### Goal of the exercise
The answer must restate the listing word for word, without its images.

### Input data
§ §

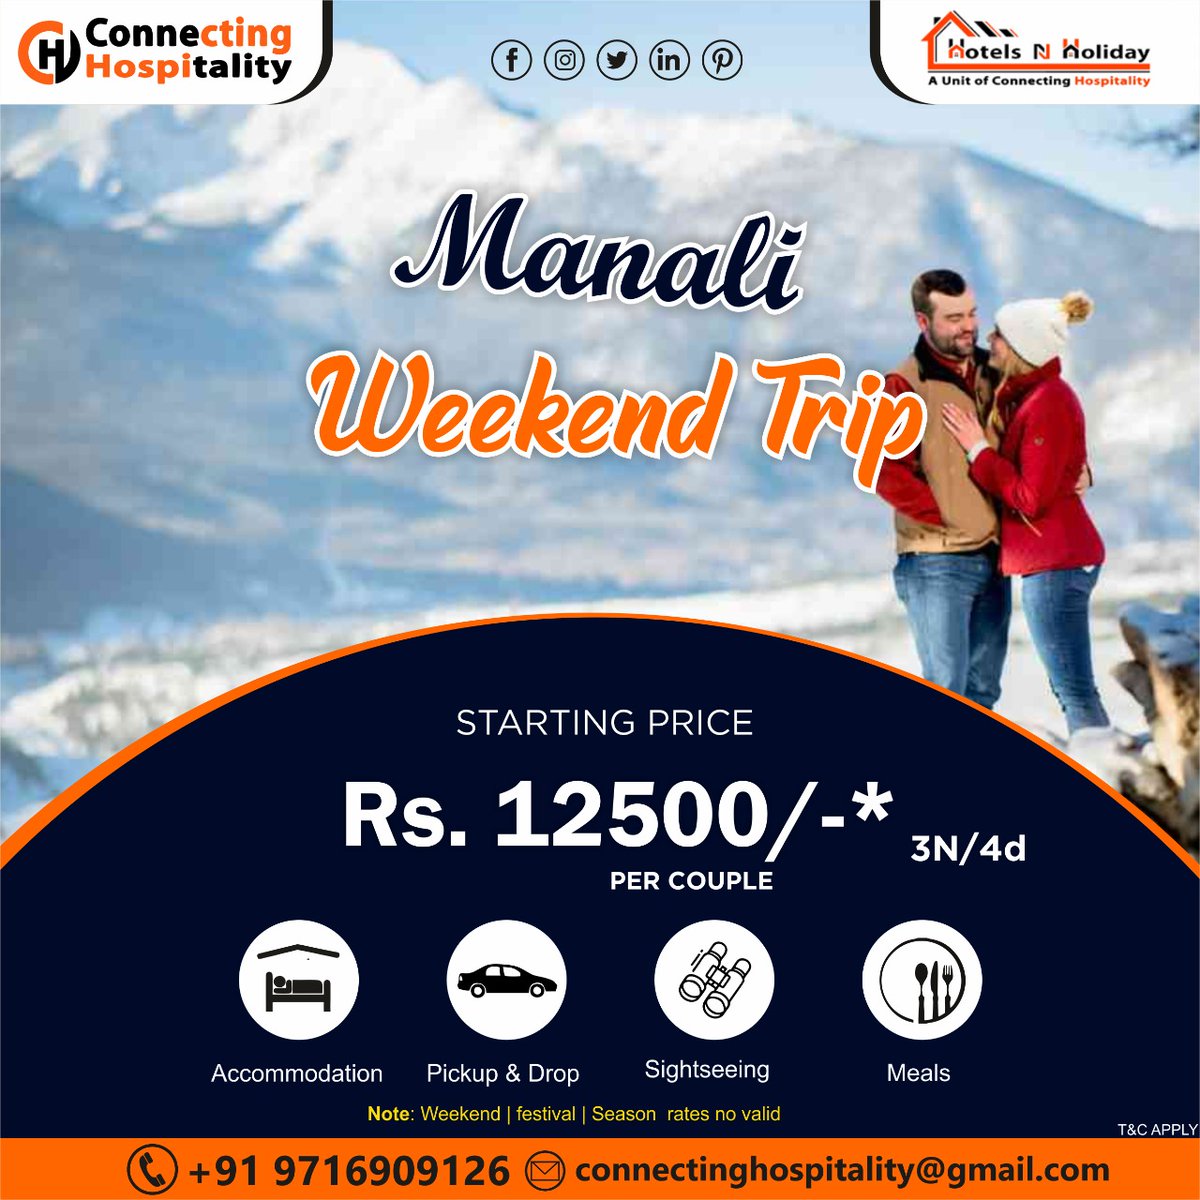 Manali Weekend Trip 
.
#himachal #manaliweekendtrip #accommodations #pickupdrop #sightseeing #meals #manalitourpackage #manalitourism #manalitour #manali #GroupTourPackage #incredibleindia

§ §

### Result of this task
 Manali Weekend Trip 
.
#himachal #manaliweekendtrip #accommodations #pickupdrop #sightseeing #meals #manalitourpackage #manalitourism #manalitour #manali #GroupTourPackage #incredibleindia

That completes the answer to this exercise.